After that, he illustrated the relationship between Wikipedia's "definition" (which actually is just a special martingale) and the general definition above, which probably can clear out your confusion:
The sequence $X_1, X_2, \ldots$ is defined to be a martingale if it is a martingale relative to some sequence $\mathscr{F}_1, \mathscr{F}_2, \ldots$. In this case, the $\sigma$-fields $\mathscr{G}_n = \sigma(X_1, \ldots, X_n)$ always work: Obviously, $\mathscr{G}_n \subset \mathscr{G}_{n + 1}$ and $X_n$ is measurable $\mathscr{G}_n$, and if $(1)$ holds, then (by tower property of conditional expectation) $E[X_{n + 1}|\mathscr{G}_n] = E[E[X_{n + 1}|\mathscr{F}_n|\mathscr{G}_n] = E[X_n|\mathscr{G}_n] = X_n$. For these special $\sigma$-fields $\mathscr{G}_n$, $(1)$ reduces to \begin{align} E[X_{n + 1} | X_1, \ldots, X_n] = X_n. \tag{2} \end{align} Since $\sigma(X_1, \ldots, X_n) \subset \mathscr{F}_n$ if and only if $X_n$ is measurable $\mathscr{F}_n$ for each $n$, the $\sigma(X_1, \ldots, X_n)$ are the smallest $\sigma$-fields with respect to which the $X_n$ are a martingale.
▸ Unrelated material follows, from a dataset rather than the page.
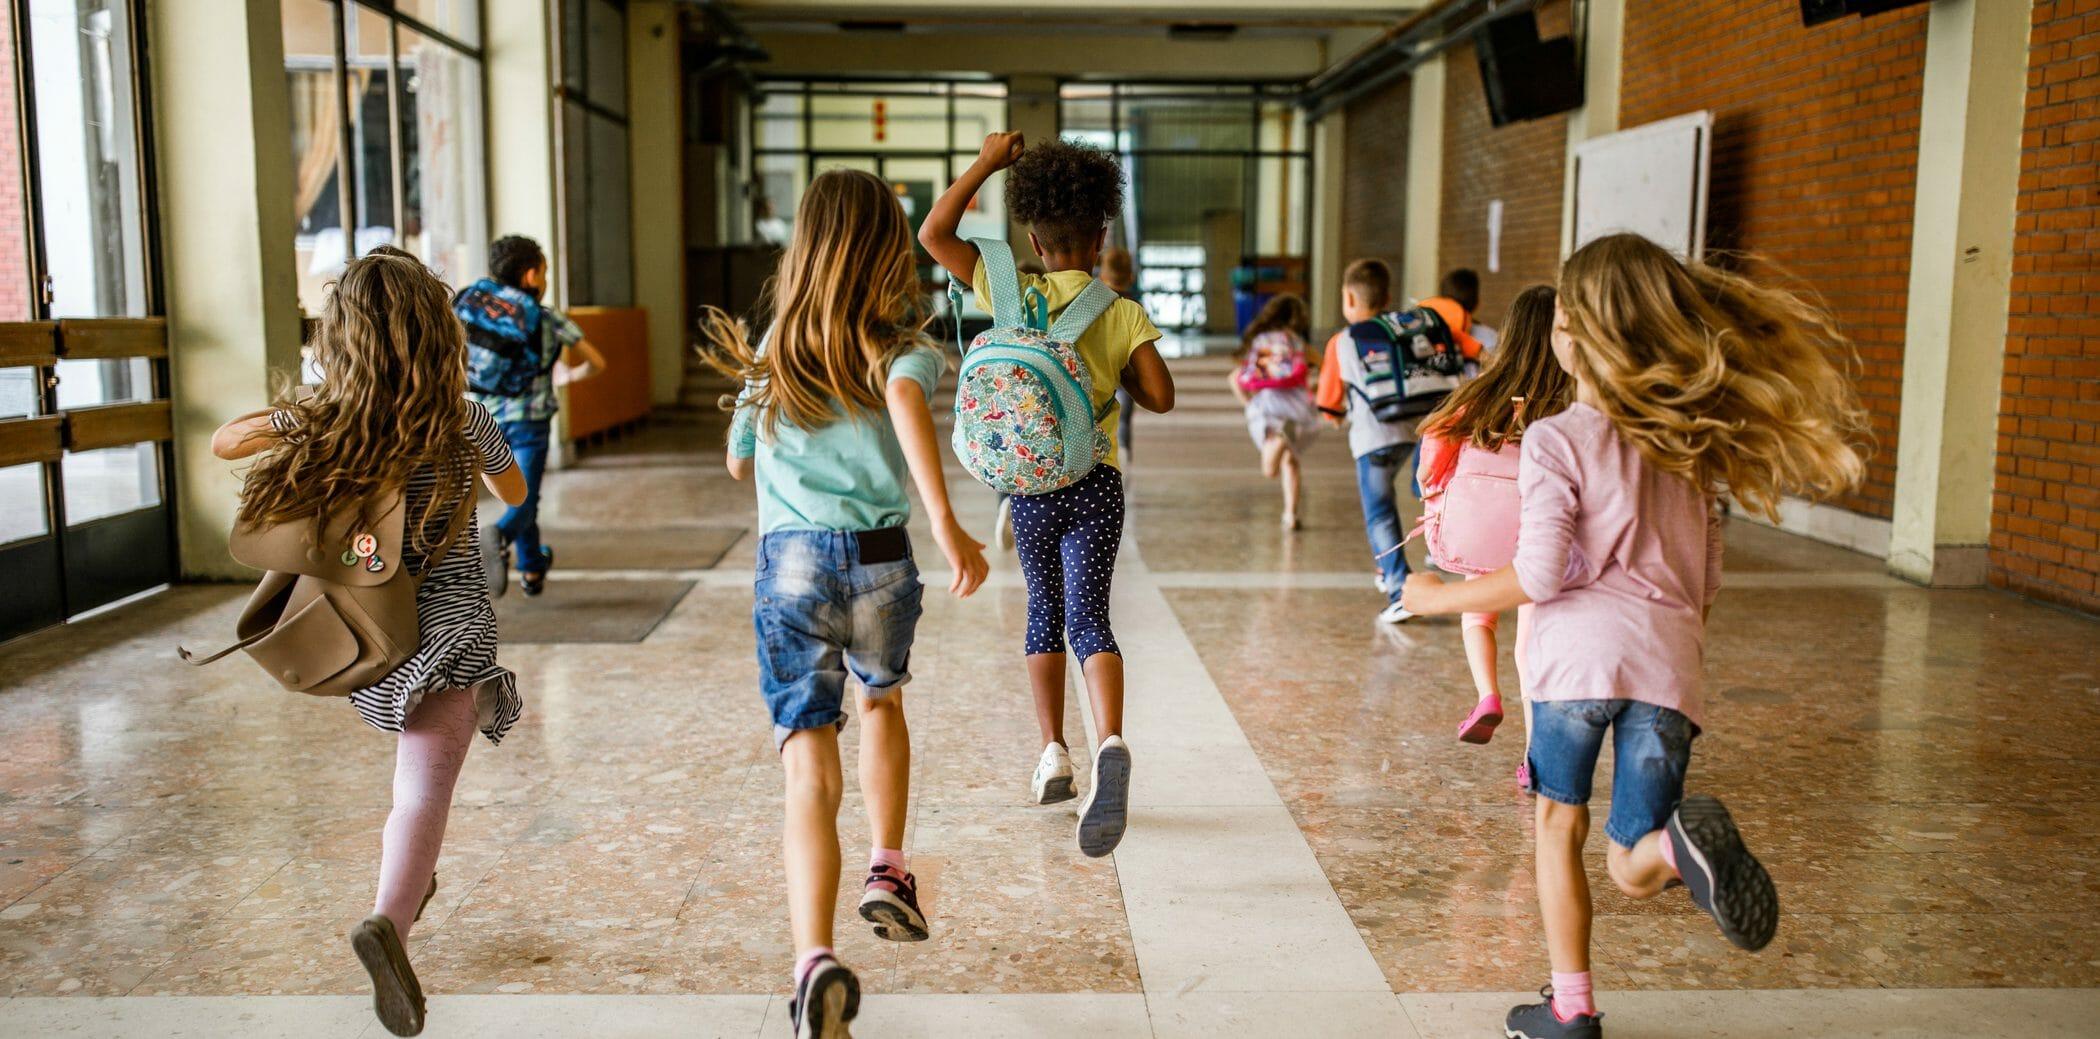 bambini scuola vacanze correre estate classe

In short, $\sigma(X_1, \ldots, X_n)$ is the smallest filtration $\mathscr{F}_n$ that you can have with respect to which $\{X_n\}$ is a martingale. In words, the "past history" should not be interpreted as the sequence of interested random variables only, it may cover any information up to time $n$, which is in general much larger than $\{X_n\}$ itself.
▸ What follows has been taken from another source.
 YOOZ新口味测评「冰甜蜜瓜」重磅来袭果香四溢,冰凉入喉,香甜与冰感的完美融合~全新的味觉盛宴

You asked for an example, Billingsley also provided a good one (note that, it is said the origin of the word "martingale" is from gambling, see this interesting vignette for details):
(p. 458) If $X$ represents the fortune of a gambler after the $n$th play and $\mathscr{F}_n$ represents his information about the game at that time, $(1)$ says that his expected fortune after the next play is the same as his present fortune. Thus a martingale represents a fair game, and sums of independent random variables with mean $0$ give one example.
(p. 463) Consider again the gambler whose fortune after the $n$th play is $X_n$ and whose information about the game at that time is represented by the $\sigma$-field $\mathscr{F}_n$. If $\mathscr{F}_n = \sigma(X_1, \ldots, X_n)$, he knows the sequence of his fortunes and nothing else, but $\mathscr{F}_n$ could be larger.
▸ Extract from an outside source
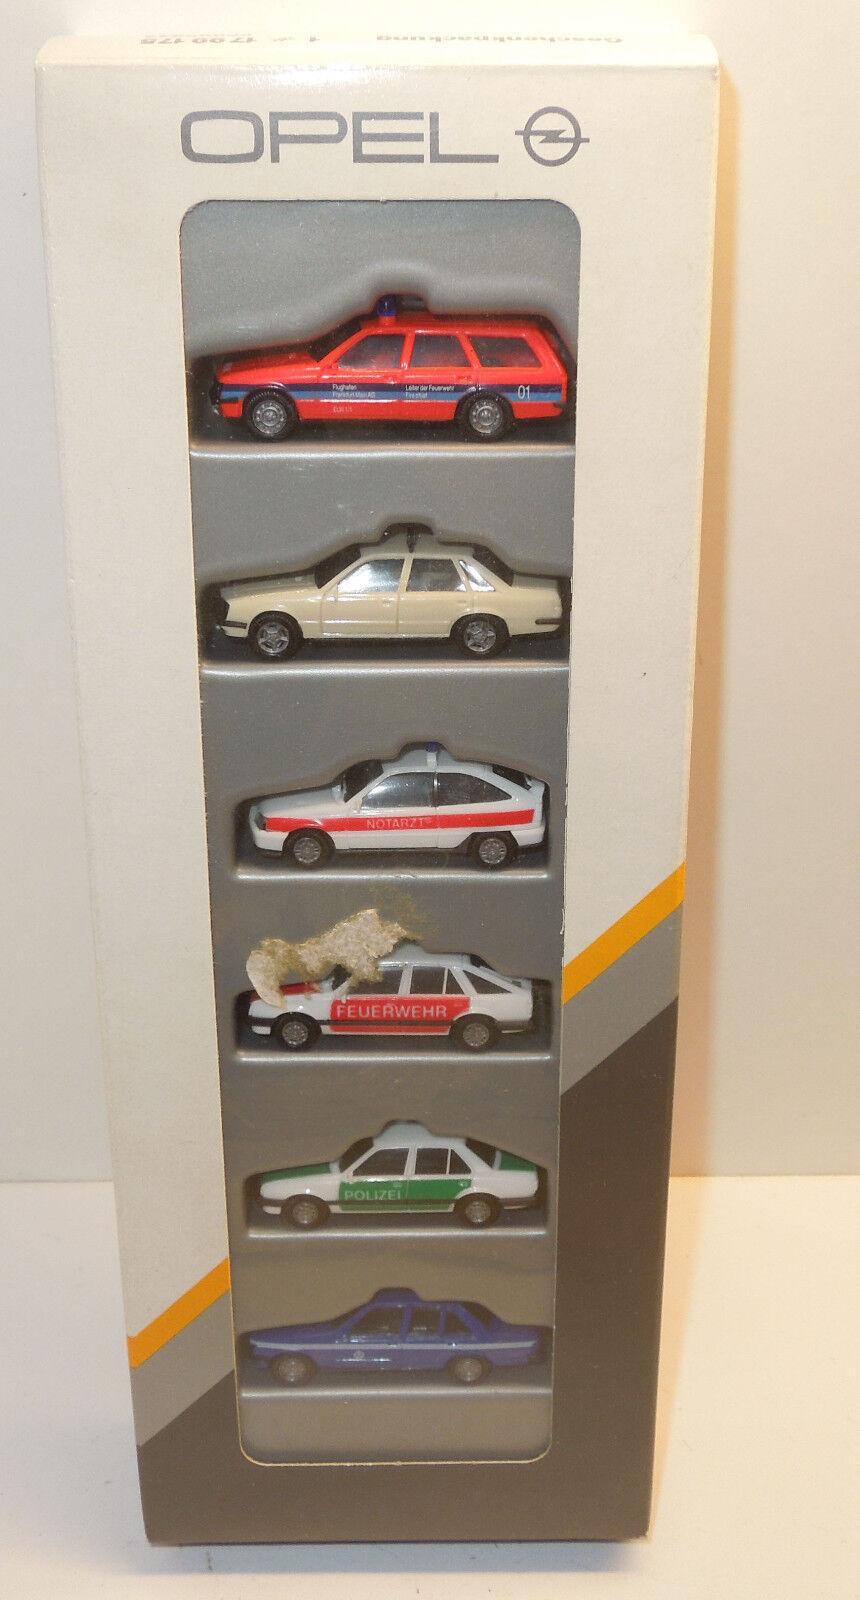 Opel Opel Opel h0 1 87 regalo envase - 1799175-utilización de vehículos 571493

The last sentence "but $\mathscr{F}_n$ could be larger." tells you that, with an example, that Durrett's definition is the correct one and the Wikipedia's definition is clearly not generalized enough. While he did not gave a specific example of a "larger $\mathscr{F}_n$", you can easily conceive some scenarios (e.g., the gambler happens to be an employee of a casino, so in addition to the basic information he should know, he also knows the secret mechanism of the roulette wheel).